僕の一念多念論

2022/4/1 | 投稿者: 鹿苑院

念仏者にとって必ず一度は突き当たるのが一念多念の問題である。
たった一度念仏を唱えるだけで阿弥陀仏は救ってくださるというのが一念、何度も唱えて極楽行きポイントを貯めないと救われないというのが多念である。

阿弥陀仏の大いなる慈悲を信じるならば一念の方が理に適っているが、しかし法然上人は一日に六万回念仏を唱えていたという。一念で救われるのならなぜそれ以上唱え続ける? ……では多念が正しいのかと言われるとそうも言っていない。
およそ念仏宗では信と行が二本柱となるが、「信を一念に置き、行を多念に励むべし」という玉虫色の教えだけが残っている。

浄土真宗ではこの問題、一念を唱える気になった時に救いが成立する、その後の念仏は阿弥陀仏への感謝の表現という理論で見事に解決しているのだが、他の宗派の思想も比べてみるとなかなか勉強になる。
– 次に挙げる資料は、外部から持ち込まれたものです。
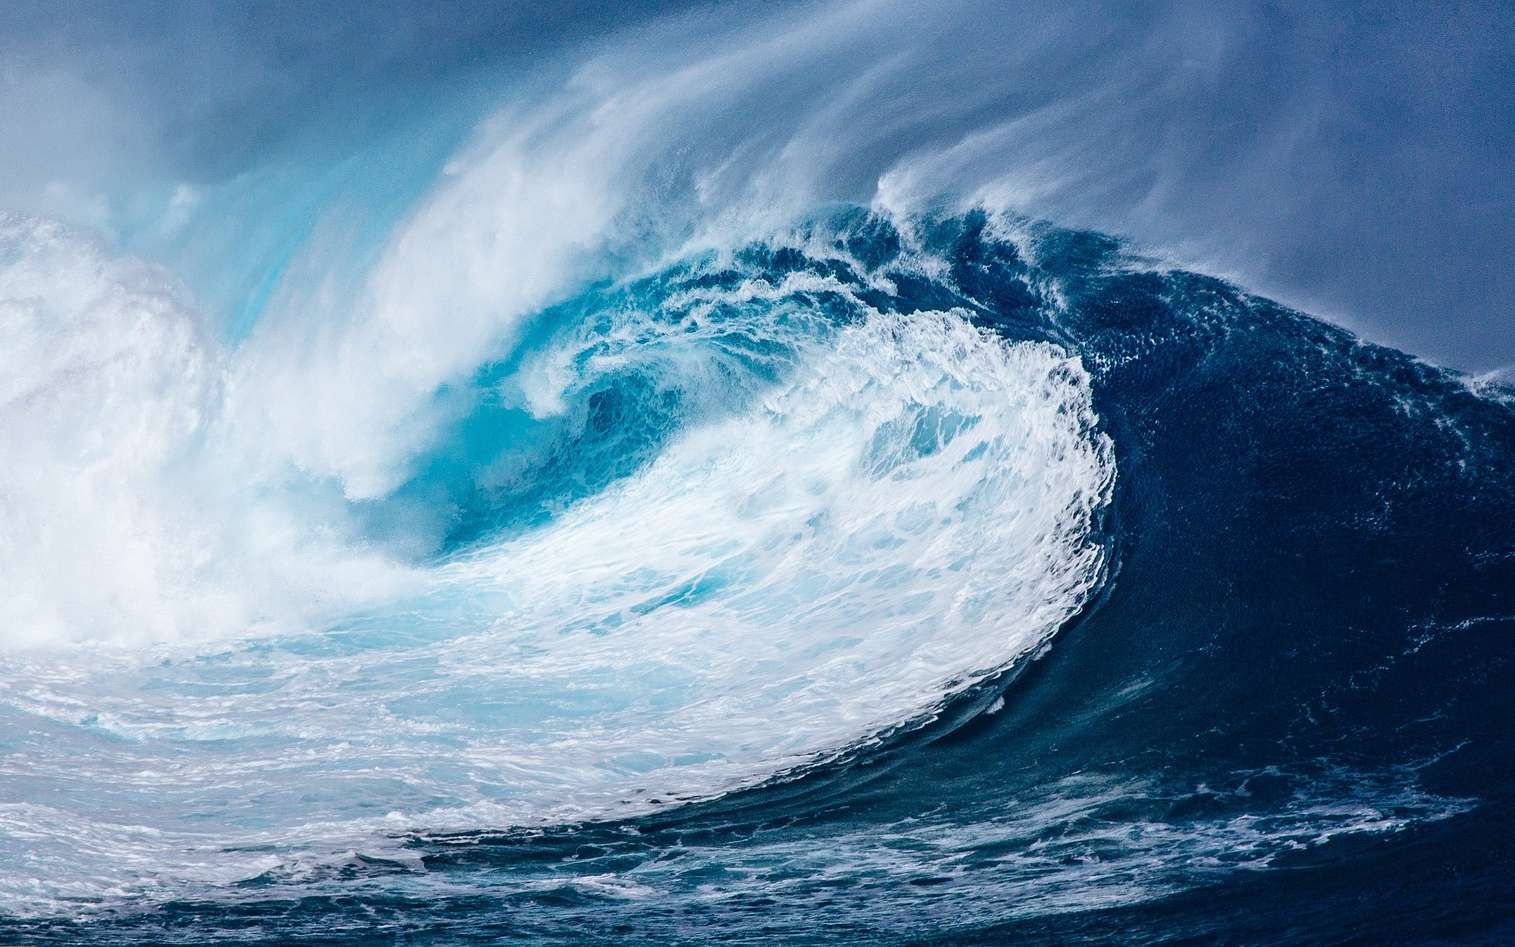 Les ouragans génèrent des vagues de plus en plus grandes, surtout dans l'Atlantique nord !
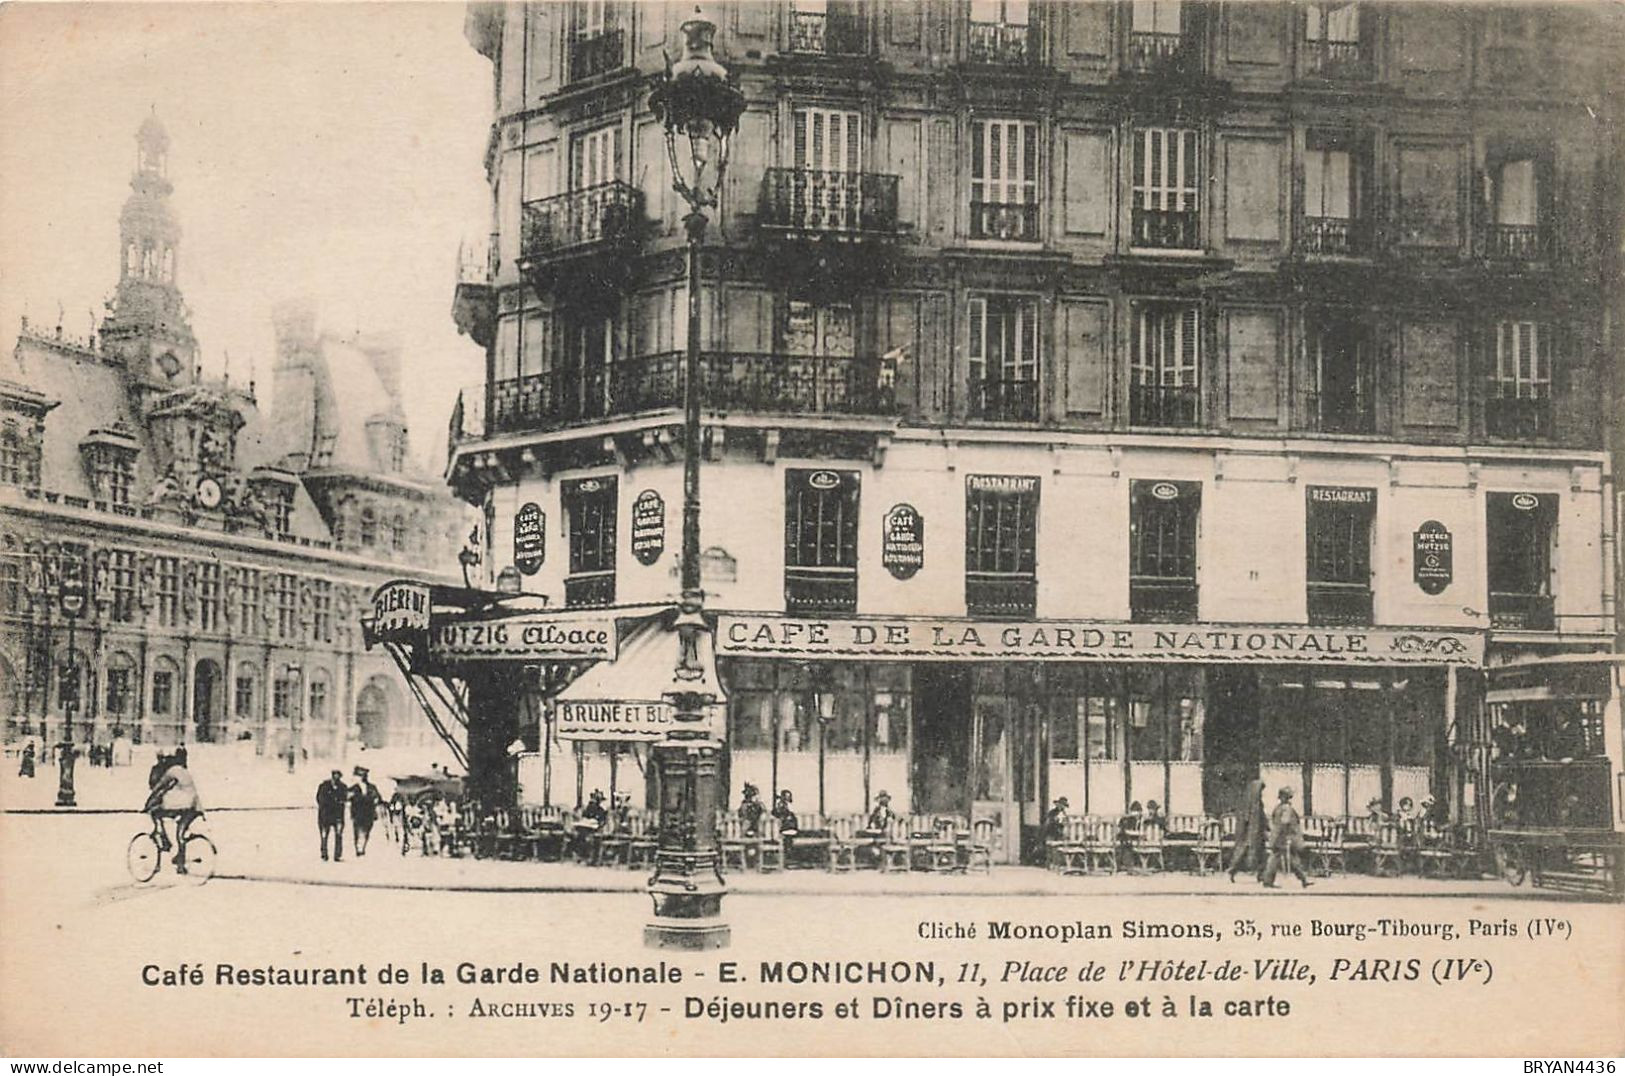 PARIS 16 ème - CAFE RESTAURANT De La GARDE NATIONALE - 11, PLACE De L( HOTEL De VILLE - CARTE POSTALE MENU (9x14cm) - Distretto: 04

いま浄土宗と呼ばれる宗派は正確には鎮西義白旗派を指す。その教えは完全な多念義であり、何回念仏を唱えればいいかはその人の素質によって違うからとにかく命ある限り念仏を唱えまくりましょうという。
僕が最近注目しているのは同じ鎮西義でも名越派なのだが、こちらは一念での極楽往生決定を説く。ただし純粋な一念義のようにその後の念仏をするなとか必要が無いとは言わず、救われた後も念仏を唱えることを勧める。

僕の出した結論は、「一念で往生は決定する。その後の念仏は信の相続のため」というものだ。実はこの結論を出したのとほぼ同時期に名越派を知り、自分の思想とピッタリなので驚いた。
そのうえ名越派は善光寺・聖徳太子信仰とも深い繋がりがあるのだから、ますます僕にピッタリではないか。

名越派と白旗派はかつては激しい論争もしたが、今は合併して一つの「浄土宗」である。名越派とて知恩院や増上寺を本山と仰ぐ。白旗派の思想には賛同しづらいが知恩院や増上寺や徳川家が好きな僕には嬉しい。